Historically analysis of ADC images has been qualitative with areas of lowest signal being used for identification of cellular density18,19. This has also propagated into quantitative measurements where minimum ADC is used as a biomarker for diagnosis and also treatment monitoring. This approach can be challenging from a data analysis perspective and although it can seem attractive and time efficient does result in a large amount of data being discarded. When the whole region of interest is preserved and histogram analysis is used the data is far less sensitive to user error20, especially if the regions of interest are larger. If this approach is also combined with feature selection and machine learning algorithms, then large datasets can be used to better effect.

As is shown in Fig. 4 ADC does have its limitations when attempting to distinguish between ATRTs and Medulloblastomas. The average histograms display a large amount of overlap and when the ATRTs were run through the classifier were all classified as Medulloblastomas. The rare tumour types presented in the supplementary material were included for illustrative purposes and also illustrate the difficulty that these cases present when attempting to classify.

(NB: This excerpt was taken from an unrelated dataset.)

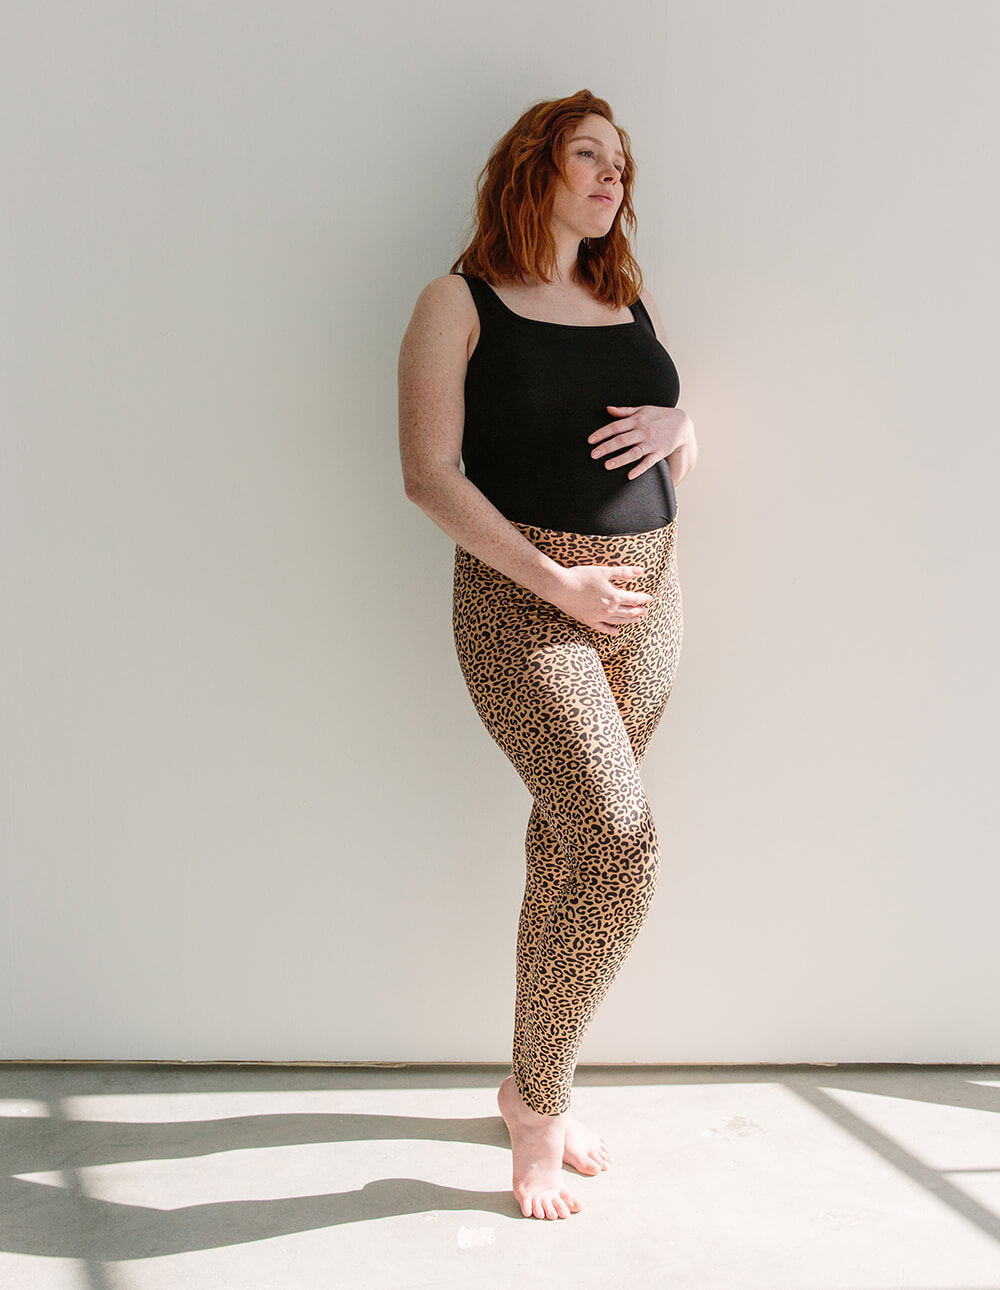 Zella Maternity Leggings Black-Large Black - $29 - From Rene

The results from this study underline the potential opportunity for ADC maps to be used in multicentre studies. We have shown that a cohort of patients scanned on a wide range of different scanners, in different hospitals and using heterogeneous protocols can still produce reliable results. This has potential for integration of advanced imaging techniques into clinical trials for the assessment of treatment efficacy. Our results suggest that strict harmonisation of DWI protocols may not be necessary for the production of reliable biomarkers thereby allowing the utilisation of historically acquired imaging data as demonstrated here. This is important as harmonisation of protocols is challenging across multiple centres, especially for routinely acquired images.

Study limitations

This is a retrospective study of previously acquired data with the histological diagnosis already known. The classifiers and cut off values from this study will therefore need to be tested on prospective data to be truly validated. Likewise, the machine learning classifiers should also be tested prospectively. ADC is unable to discriminate ATRTs from Medulloblastomas as the diffusion parameters were virtually identical. The study has been limited mainly to the three most common types of brain tumours in the posterior fossa and did not address the identification of rarer tumour types such as choroid plexus papillomas. No in-depth analysis has been conducted of the tumour genetic or molecular subtypes, due to limitations of statistical power. The regions of interest were hand drawn so were susceptible to human error, although this issue was addressed through the use of multiple experts to verify the regions of interest which were shown to be reproducible across raters. The cut off values used in the study were produced from ADC maps from bespoke software, care must therefore be used when implementing this in ADC maps produced directly by scanner software or third-party vendors. Despite this, it is likely that the results would be applicable to ADC maps produced by scanners since the calculation of ADC maps involves a linear fit between two data points which is inherently stable, although this should be formally validated. Care would need to be taken when DWI is acquired with multiple b-values to ensure that ADC values were calculated from the b0 and b1000 images in order to make the results compatible with those of this study. The histogram metrics were produced via bespoke software which creates a barrier to clinical implementation, however we envisage these metrics becoming increasingly available via scanner manufacturers and clinical picture archiving and communication systems (PACS).


We have shown in this study that it is possible to discriminate between the three most common types of paediatric posterior fossa brain tumour types using histogram analysis of Apparent Diffusion Coefficient maps in a large cohort of patients acquired on a multi-centre basis.